→ **Dataset records**
****************
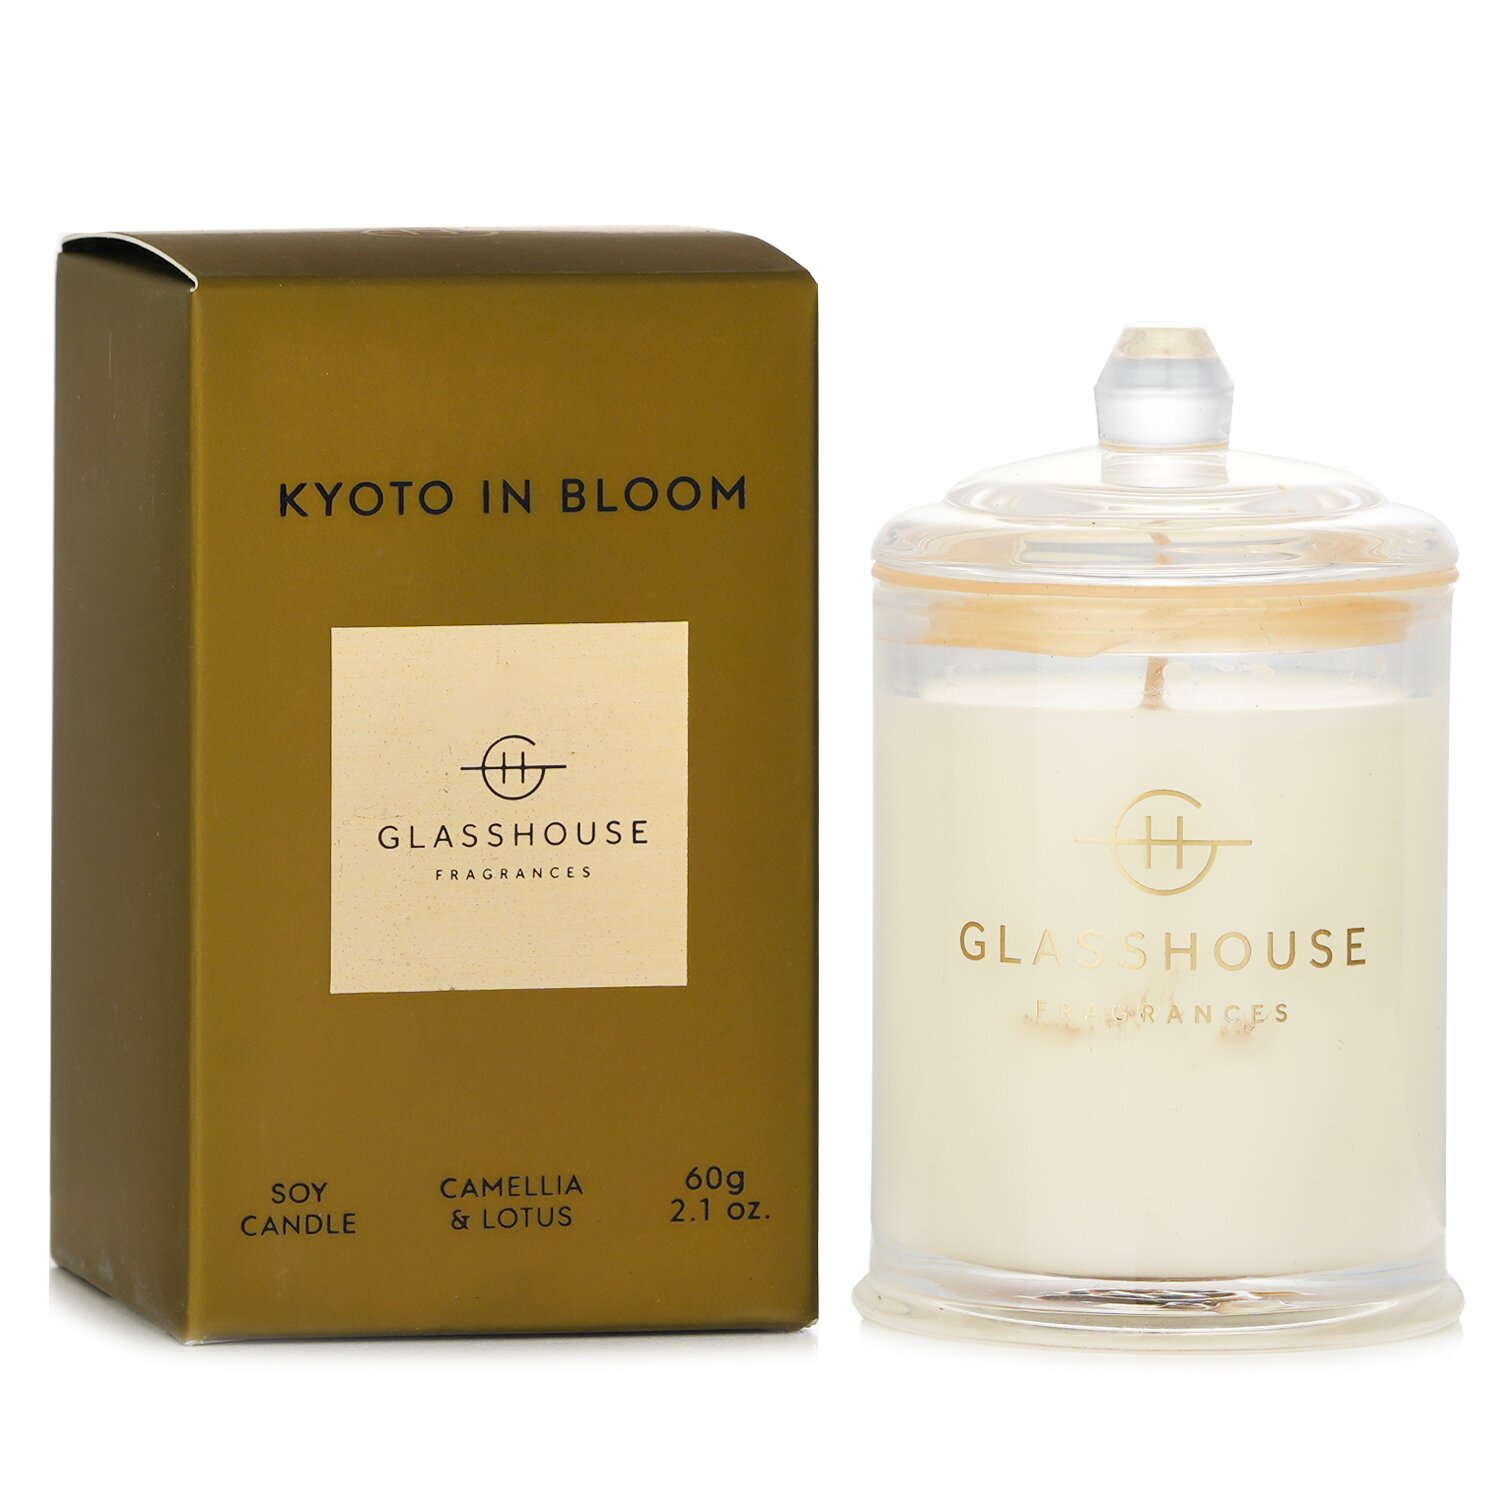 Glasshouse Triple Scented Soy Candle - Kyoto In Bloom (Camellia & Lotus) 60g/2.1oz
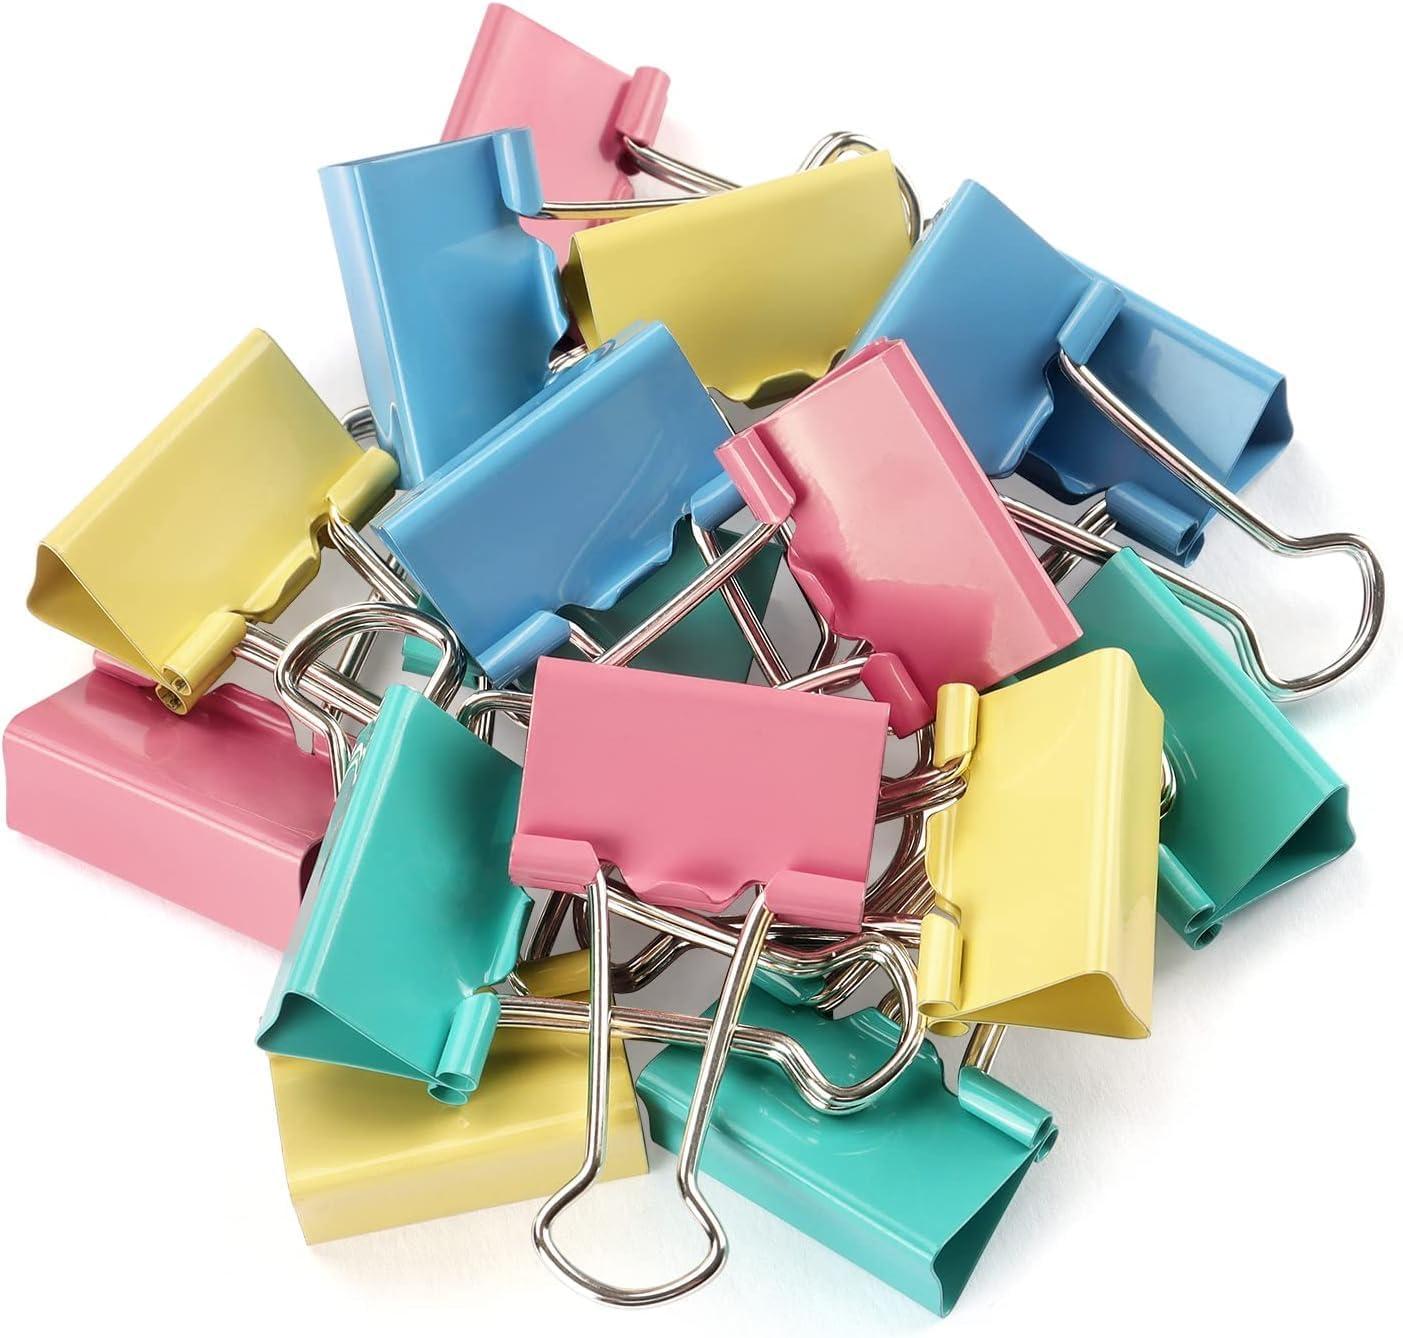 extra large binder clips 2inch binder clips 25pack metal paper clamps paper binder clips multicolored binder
****************
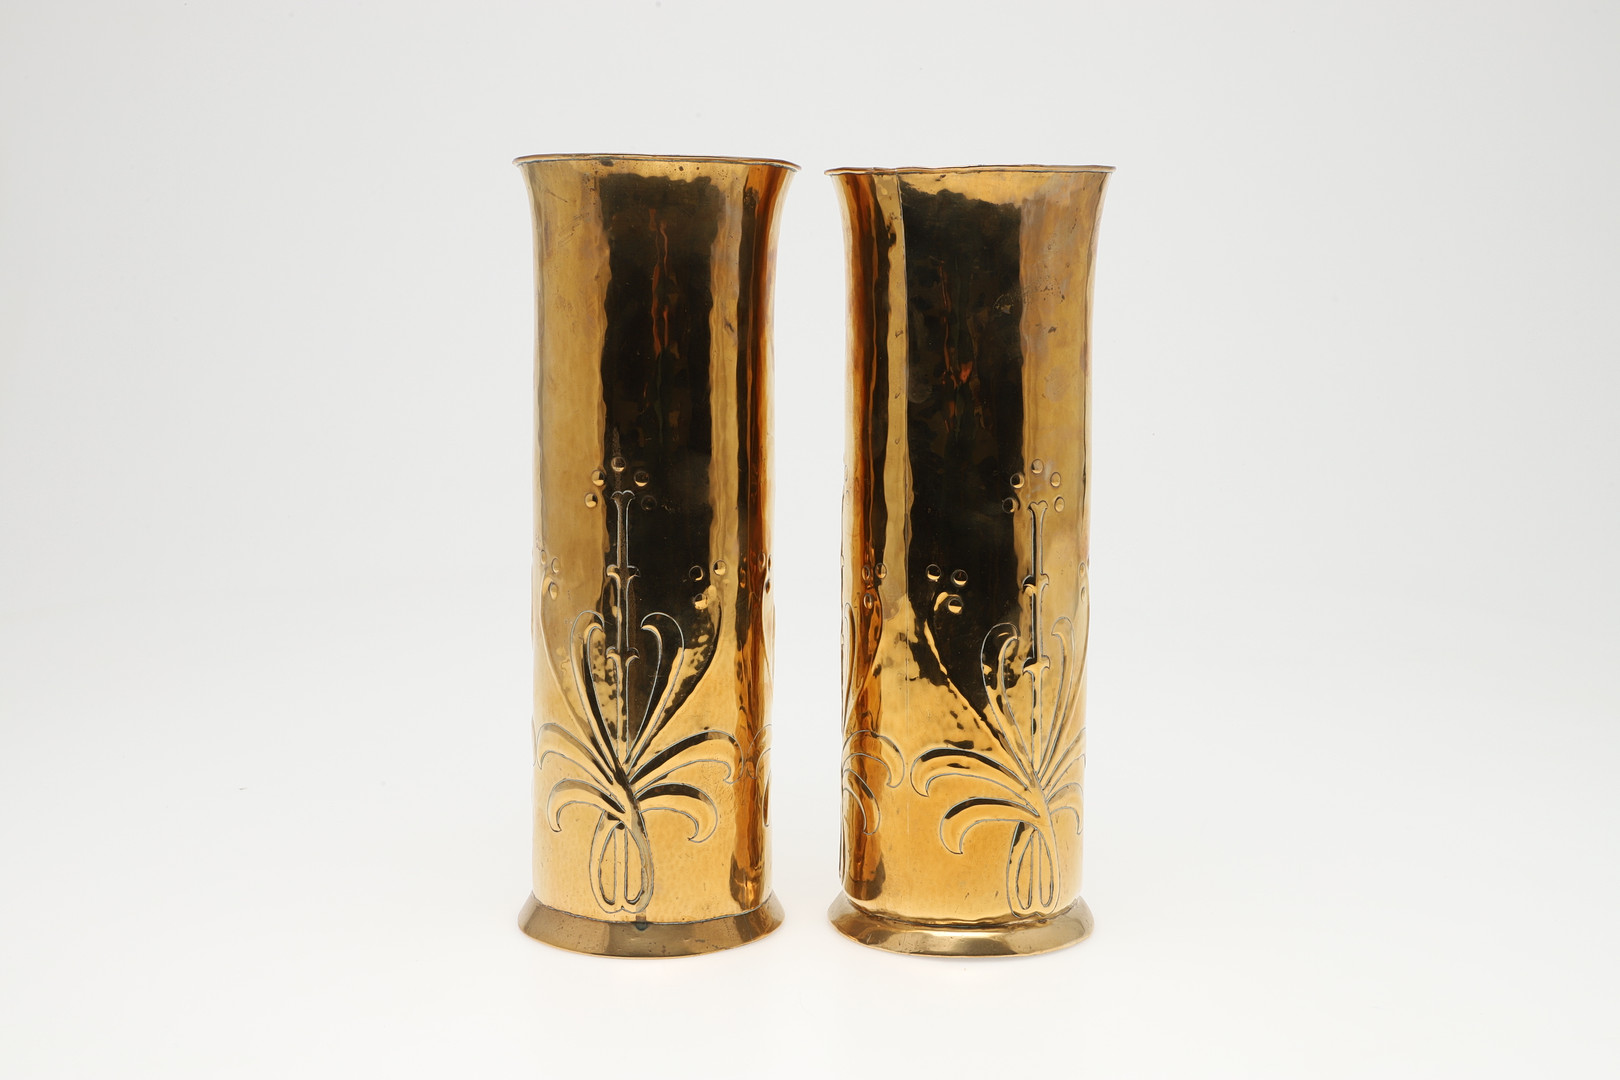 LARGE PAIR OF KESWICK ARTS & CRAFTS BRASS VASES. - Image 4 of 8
****************
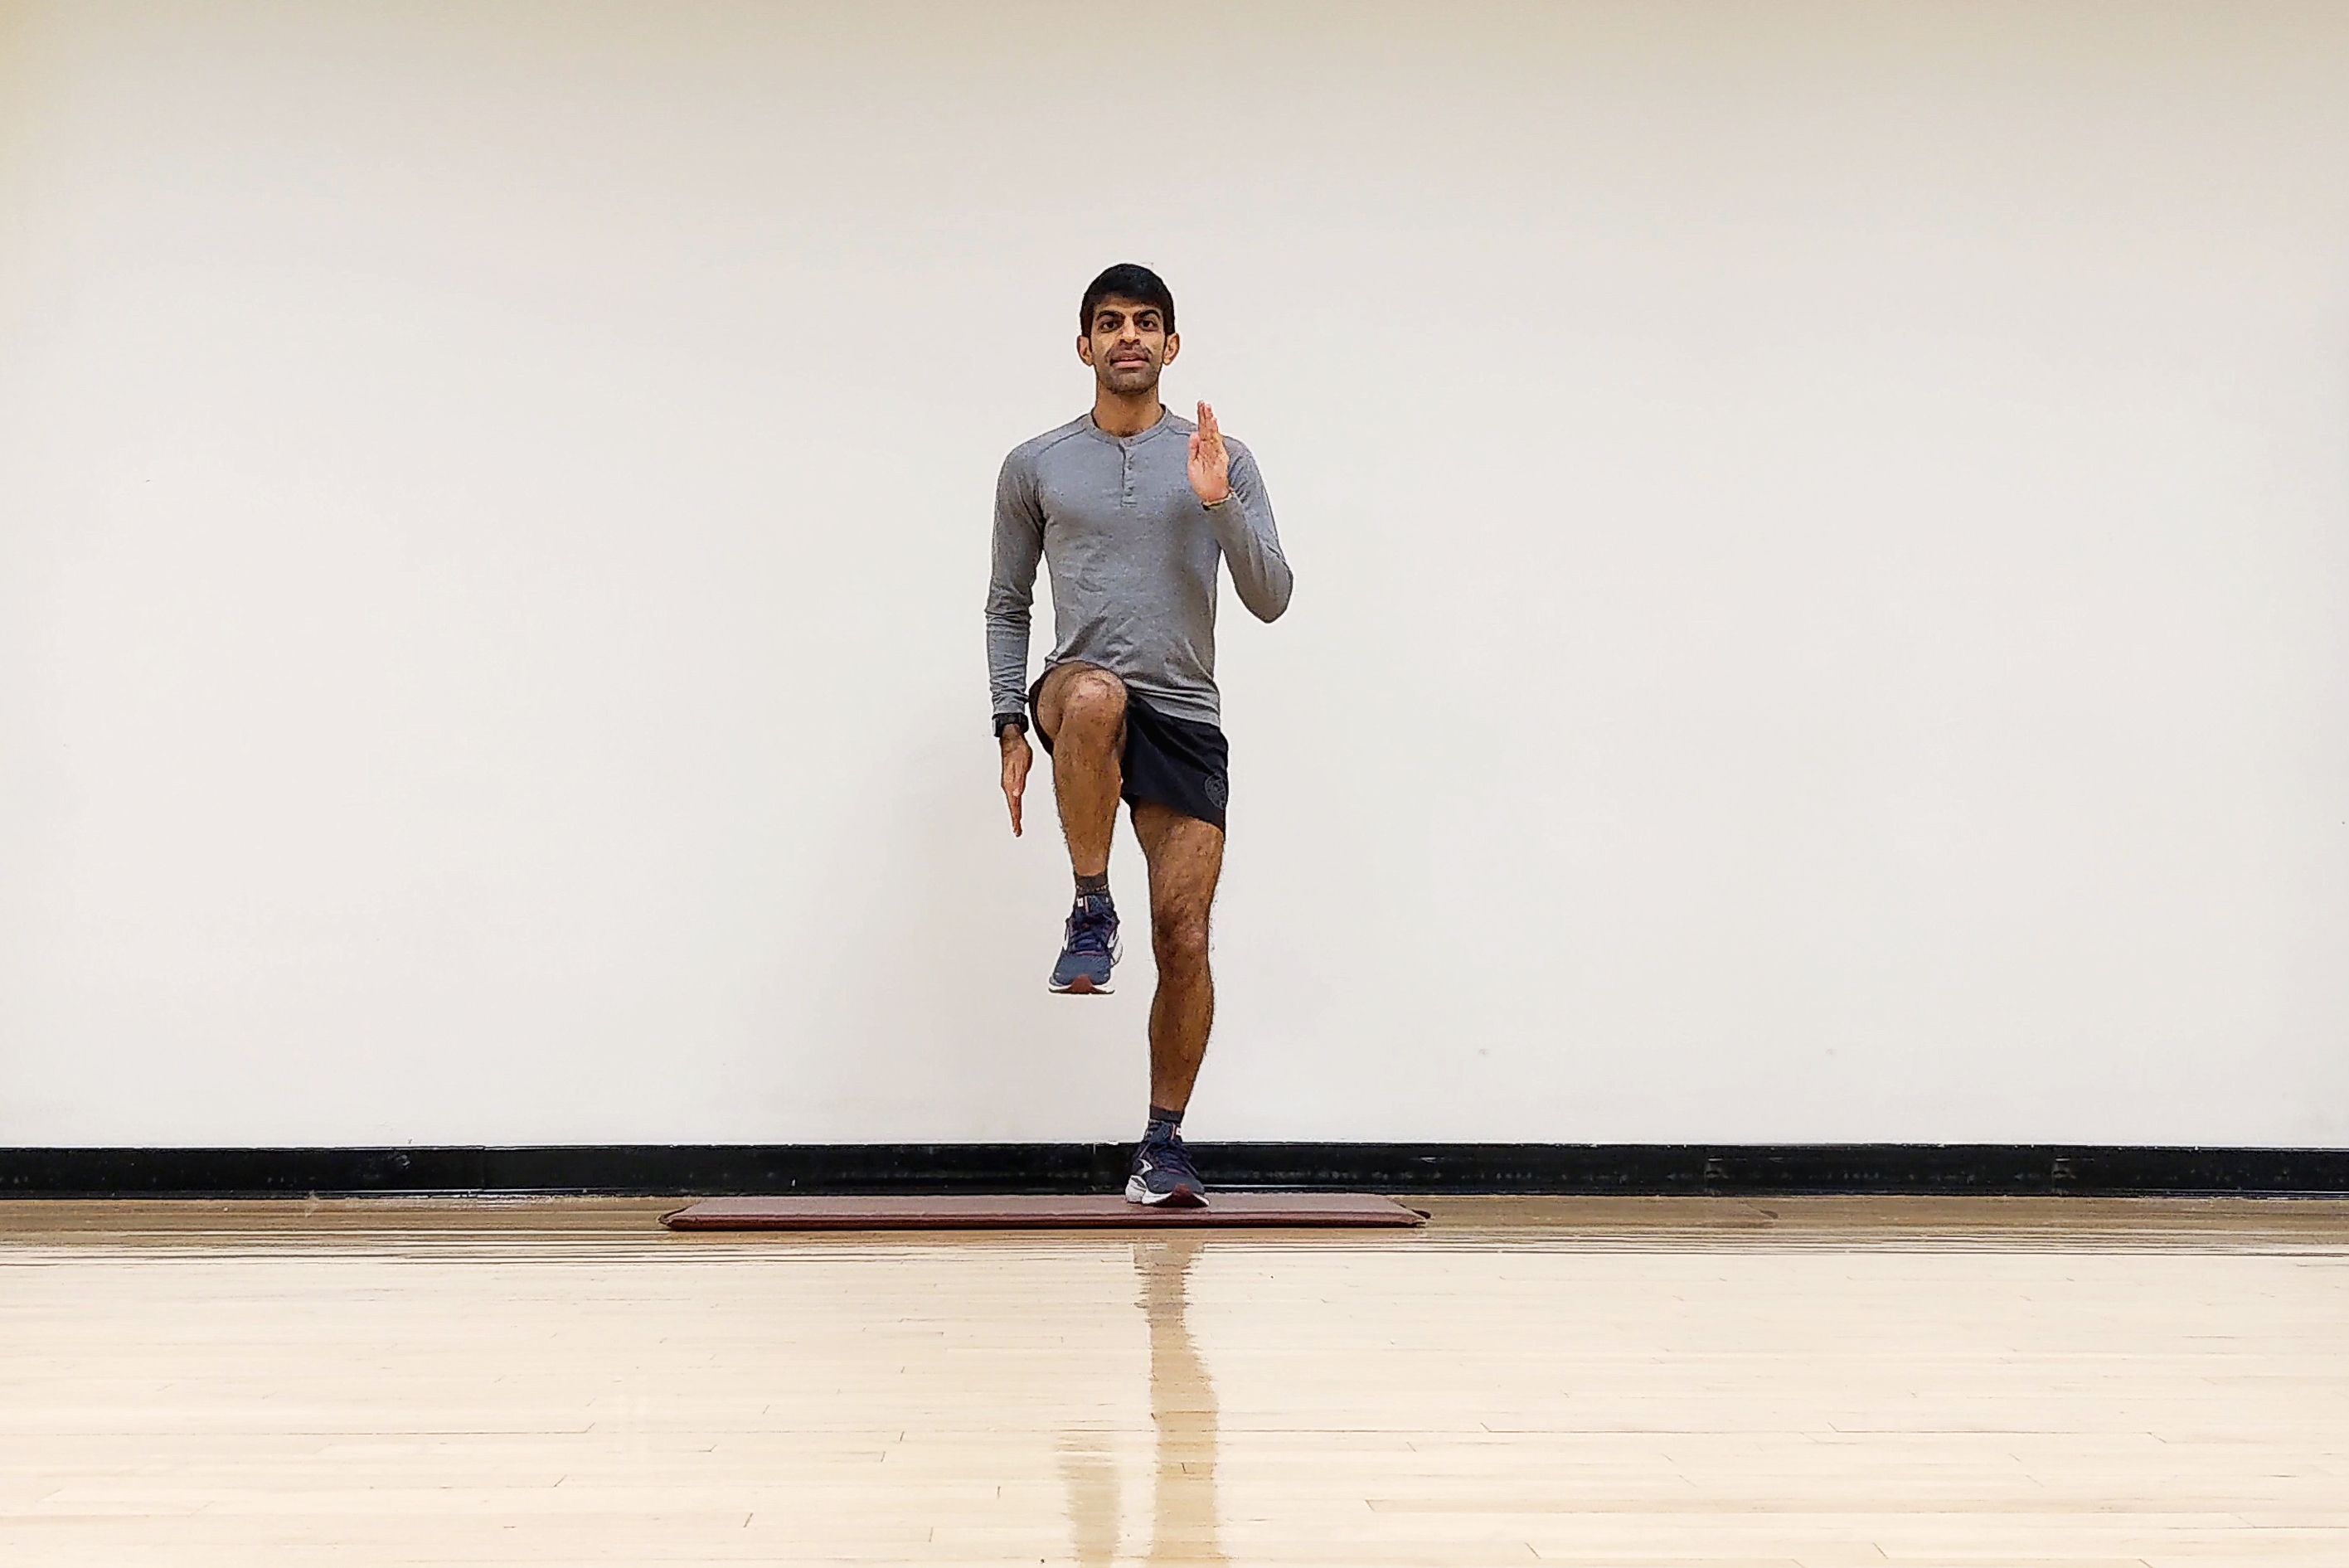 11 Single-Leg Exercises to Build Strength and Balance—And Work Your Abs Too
****************
→ **Work item**
In the material above, one part opens with the line containing "Glasshouse Triple Scented" and closes with the line containing "extra large binder". Write out that part exactly and skip its pictures.

→ **Exercise result**
 Glasshouse Triple Scented Soy Candle - Kyoto In Bloom (Camellia & Lotus) 60g/2.1oz
 extra large binder clips 2inch binder clips 25pack metal paper clamps paper binder clips multicolored binder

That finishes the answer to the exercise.